Выбрать главу

— Плохо тебе, холоп, без пана, некому прислуживать, некому руки целовать. А иди, дурак, ко мне в службу. Из меня-то хозяин получше будет…

Тосковал Франек, о здоровье пана справлялся, записки писал. Но пан не отвечал, а фельдшер говорил, что умирает он. Вздыхал мужик, горевал и думал о барине уже как о покойнике. И все удивлялся: вот ведь как жизнь-то кончил богатый помещик, чистокровный шляхтич, барин с головы до пят, владелец Злотой Воли, Злотой и Злотовки.

Вспоминал его добром и с благодарностью. За хозяйскую заботу, за братскую помощь, за чай и сахар, за равный дележ всего, что присылала пани, за великую науку, которую по большой доброте своей преподал он ему.

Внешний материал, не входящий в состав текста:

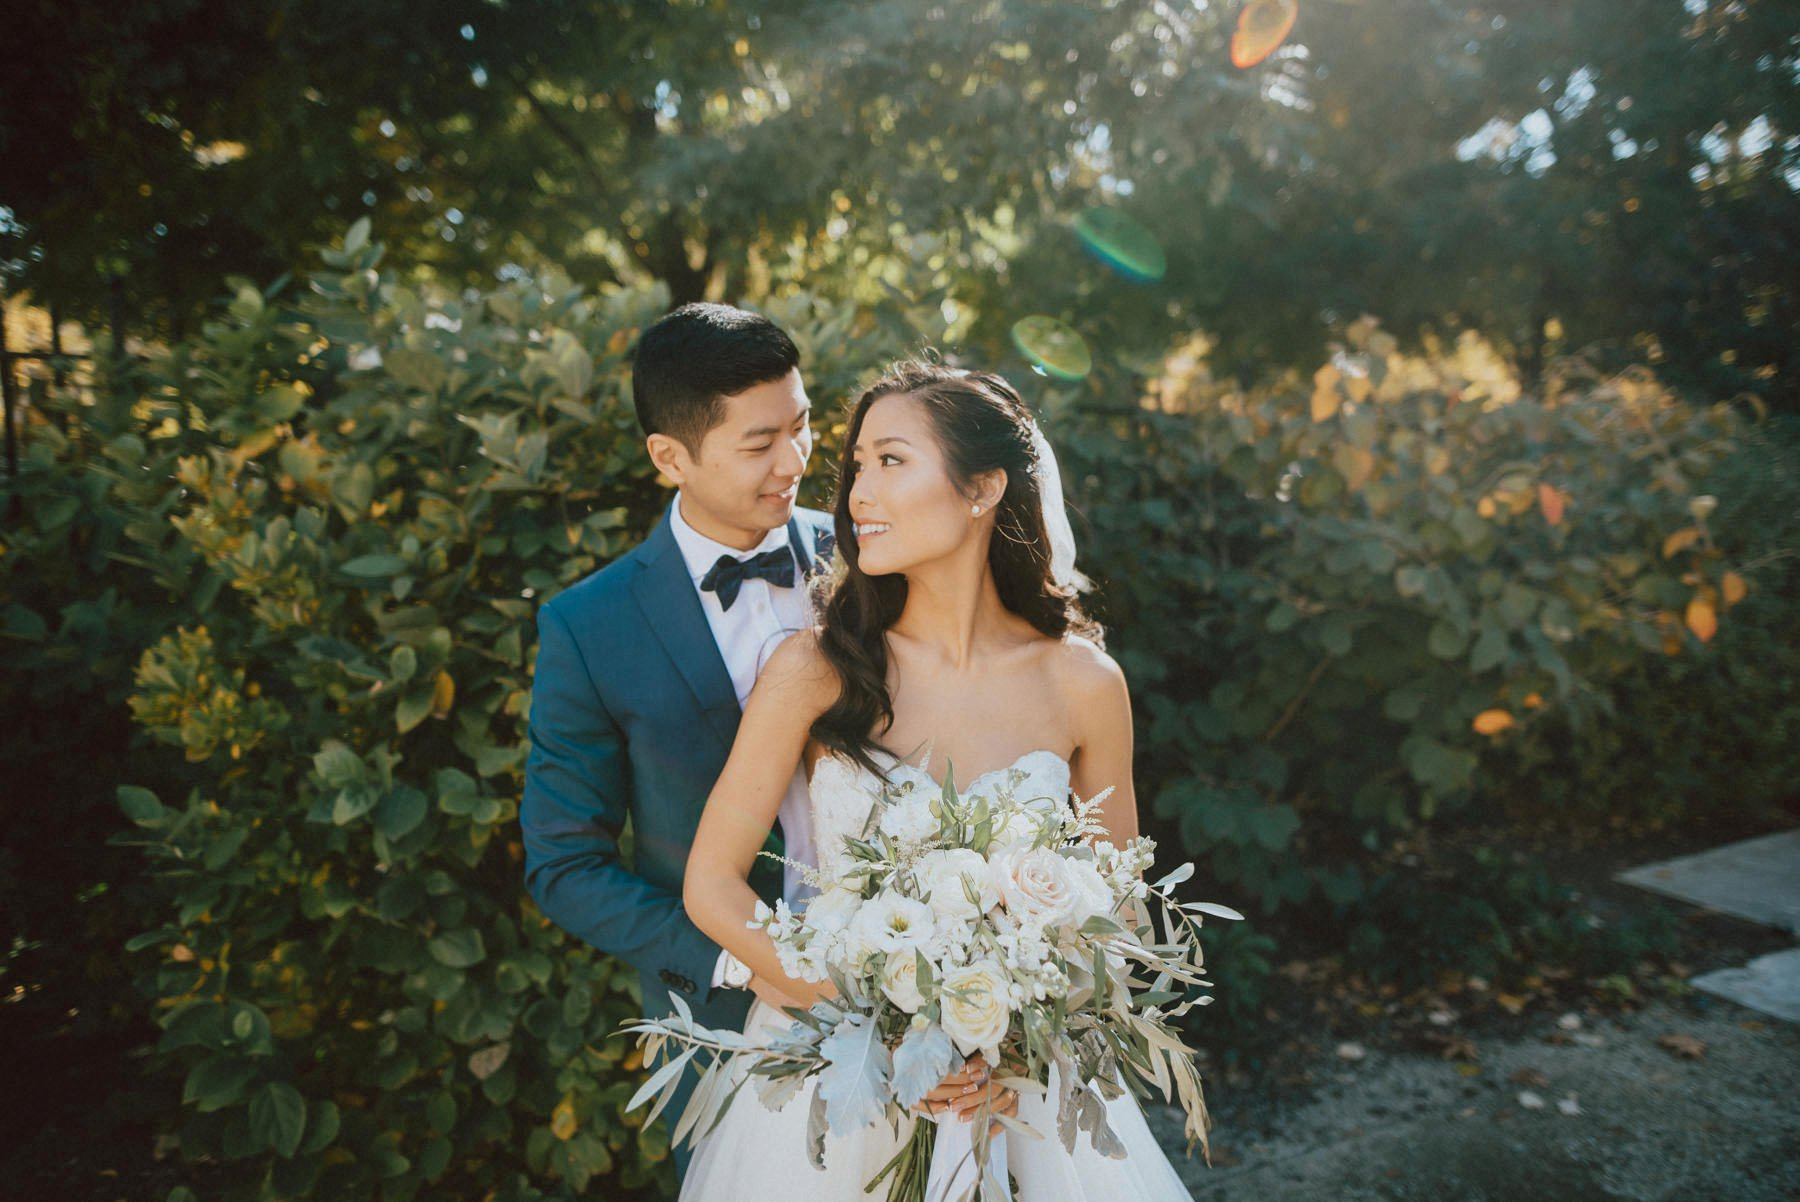 philadelphia-wedding-photographer-60.jpg
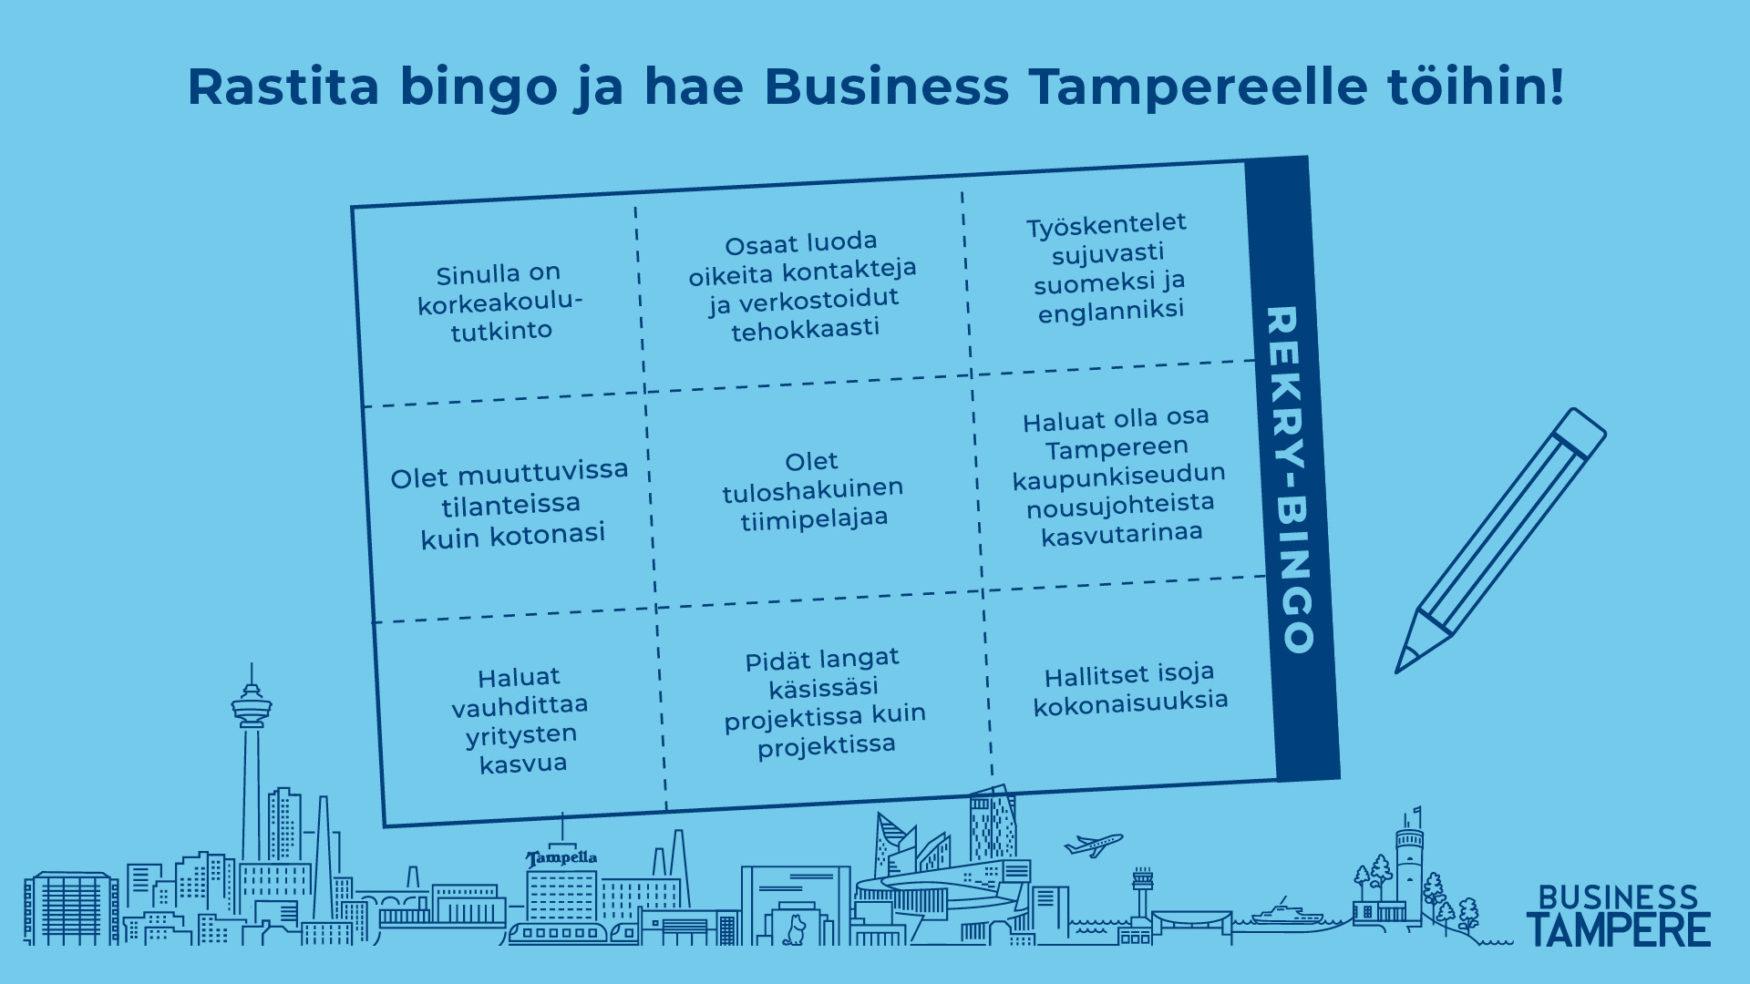 rekrybingo Business Tampere rekrytoi

Вспоминал давнее время, когда пришел он в имение Злотую Волю батраком. Точно солнце на небе был для него пан, Франек в глаза ему даже посмотреть страшился. Богатый пан, гордый, сильный и пригожий. Люди его любили, хоть горяч он был и никогда не расставался с арапником. А так справедливый был хозяин: работу спрашивал, но и о людях заботу имел. Одно плохо, что управляющего да собак экономов распустил, драться им позволял. Из-за этих холопов лютых, а особенно из-за одного изверга — старосты Падуха — в Злотой Воле ад был, как, впрочем, было в те времена по всей округе, да и везде.

Пять лет работал Франек в имении, а еще ни разу с паном разговаривать не довелось. На шестом году, в жатву, перевернулся у него на меже воз; слега сползла к краю. А тут, откуда ни возьмись, сам пан на Лысом по жнивью скачет, подскакал и, давай кричать — дождь собирался и мешкать было нельзя.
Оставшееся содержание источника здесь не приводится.